А что ты о ней знаешь, мрачно подумала Клер. Но с Джоэлом было так удобно, что она почувствовала, как ее настороженность постепенно исчезает. Каждое блюдо приносил крошечный официант в бесшумных шлепанцах; он недолго оставался, лишь для того, чтобы удостовериться, что блюдо им нравится, и молча исчезал. Клер заказала стандартные блюда и почувствовала себя заинтригованной, когда перед Джоэлом возникла целая шеренга красиво расставленных тарелок.

Он поднес вилку с кусочком чего-то к ее губам.

— Просто попробуй, — терпеливо сказал он.

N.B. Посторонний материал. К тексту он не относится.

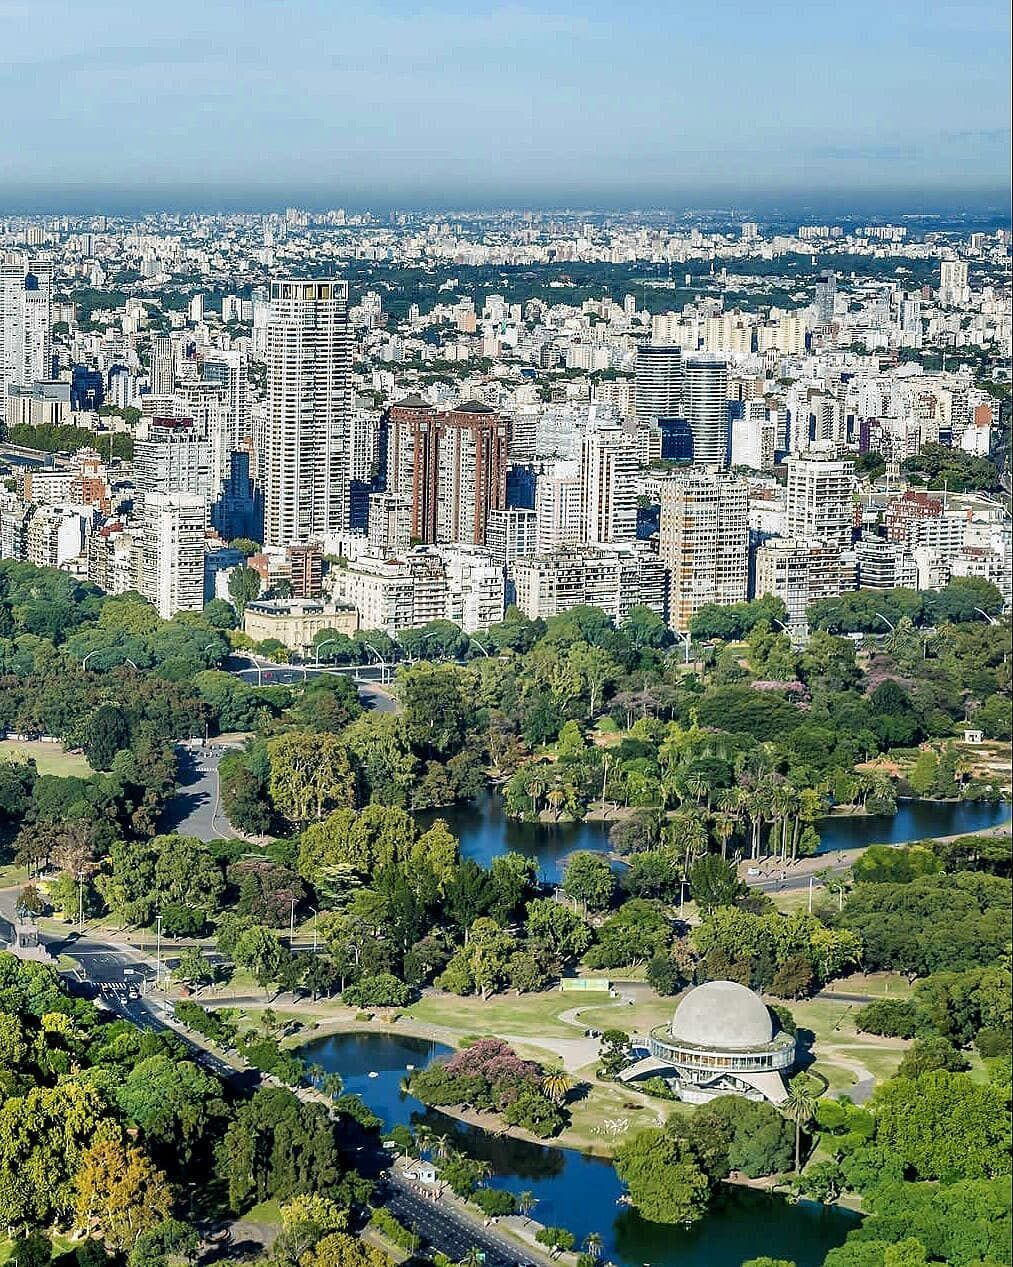 Buenos Aires Panorámica στο Instagram Sector Denominado Los Bosques De Palermo Vista Aérea Argentina Argentine Bea Paris Skyline Skyline Photo
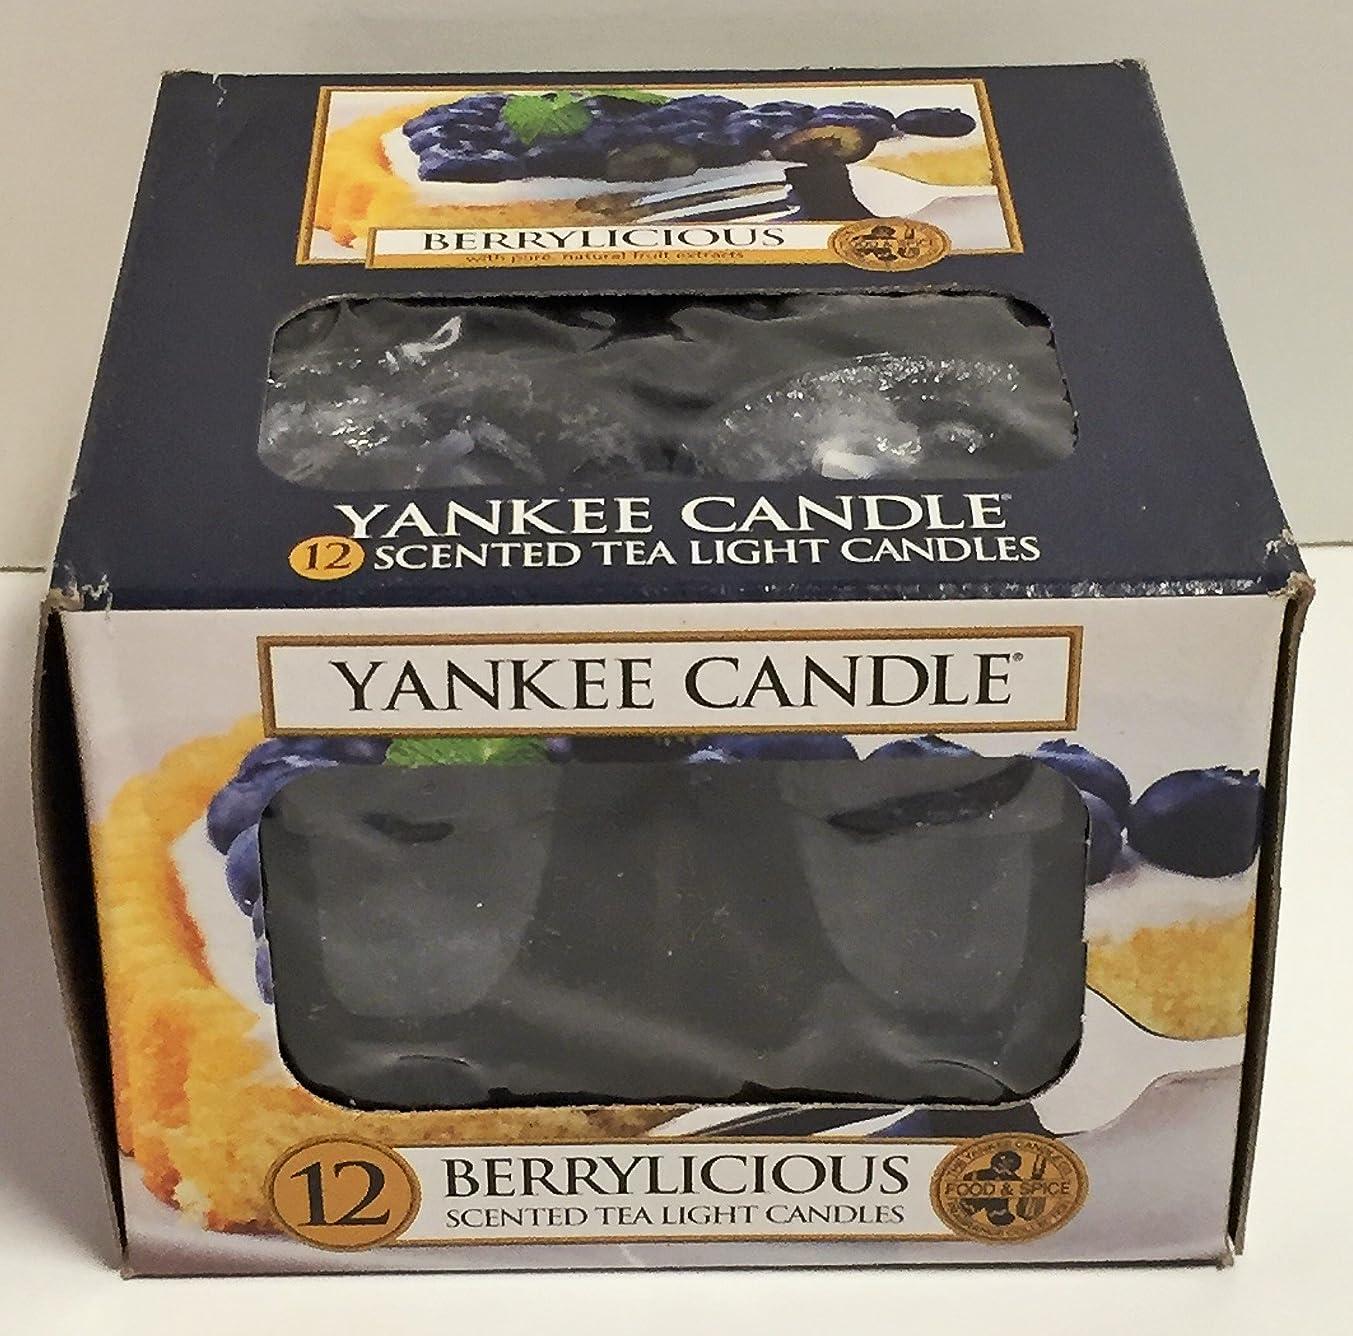 イソギンチャク歌詞ネブYankee Candle Berrylicious、フルーツ香り Scented Tea Lights ブルー 1311125

— А как это точно называется? Он покачал головой.

— Тебе придется рискнуть.

Она рискнула и, с наслаждением проглотив предложенное лакомство, с большим уважением посмотрела на блюда перед Джоэлом. Он подвинул тарелки ближе к ней.

— Доктор познает, что риск может доставлять удовольствие, — поддразнил он Клер.

— Ну ладно, не воображай. А что это?

Он так и не сказал ей и продолжал болтать о себе до конца обеда. Ко времени чаепития, когда Клер наклонилась, чтобы разлить чай из покрытого эмалью изящного чайника, Джоэл нашел удобное положение, опершись о подушку у стены и вытянув длинные ноги под столиком.

— Кто бы мог подумать, что тебе понравится осьминог? — беззаботно изрек он.

А Клер уже не интересовало, что это она ела с таким удовольствием.

— Я съела весь твой обед, — виновато произнесла она.

— Причем с волчьим аппетитом, — опять поддразнил он.

Они вели приятную беседу, но у Клер не выходило из головы то, что он рассказал о себе.

Джоэл вырос в одном из этнических районов Чикаго. Мать бросила семью еще до того, как он пошел в школу, а отцу не очень-то хотелось работать. В десять лет он впервые устроился на работу, конечно скрыв свой возраст, в кафе, специализировавшееся на гамбургерах. Он убирал со столов и мыл посуду — этой работой он кормил себя.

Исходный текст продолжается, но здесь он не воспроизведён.